_TO DO:_
In the listing below, locate the line containing "Daughter - You" and the line containing "Spitfire Live To". Output both of them and every line between, exactly as written, and nothing more.

_GIVEN ENTRIES:_
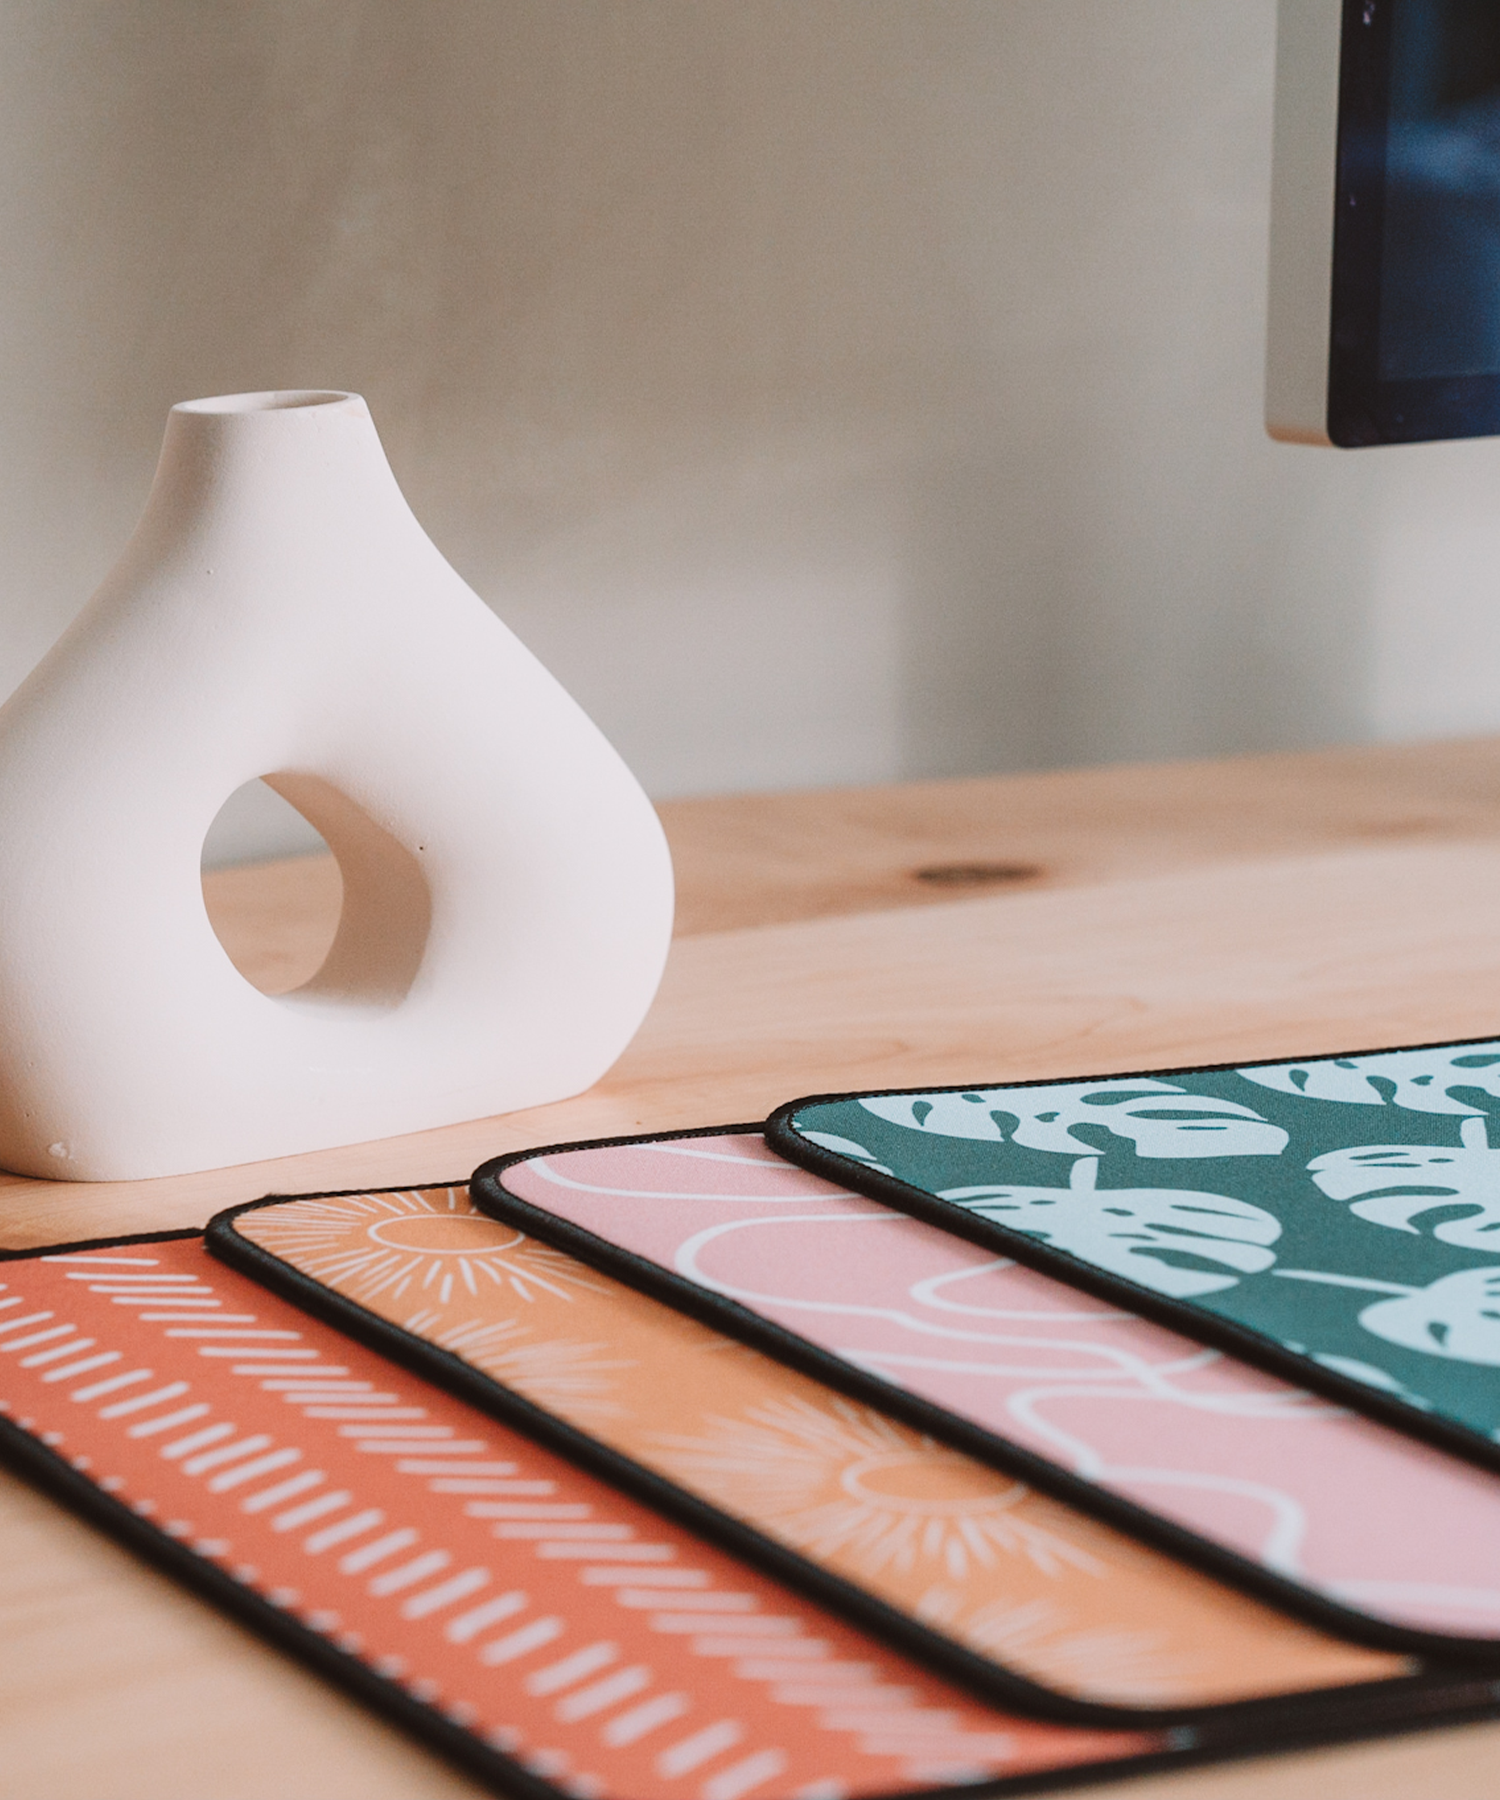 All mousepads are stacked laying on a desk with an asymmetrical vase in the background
--
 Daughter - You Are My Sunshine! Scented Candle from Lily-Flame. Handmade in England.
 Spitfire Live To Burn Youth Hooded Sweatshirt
--
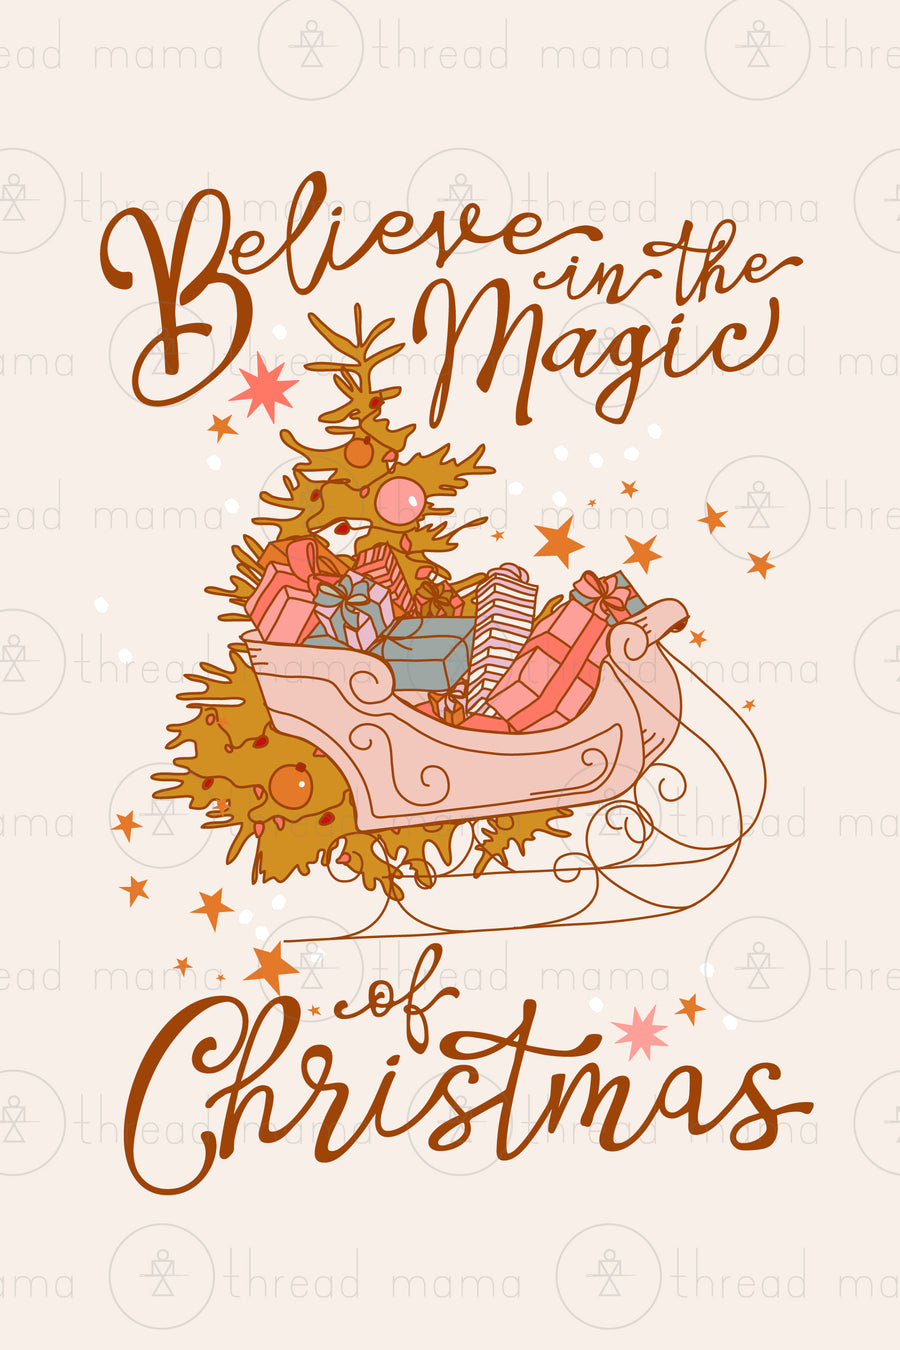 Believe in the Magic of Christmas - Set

_RESPONSE TO THIS EXERCISE:_
 Daughter - You Are My Sunshine! Scented Candle from Lily-Flame. Handmade in England.
 Spitfire Live To Burn Youth Hooded Sweatshirt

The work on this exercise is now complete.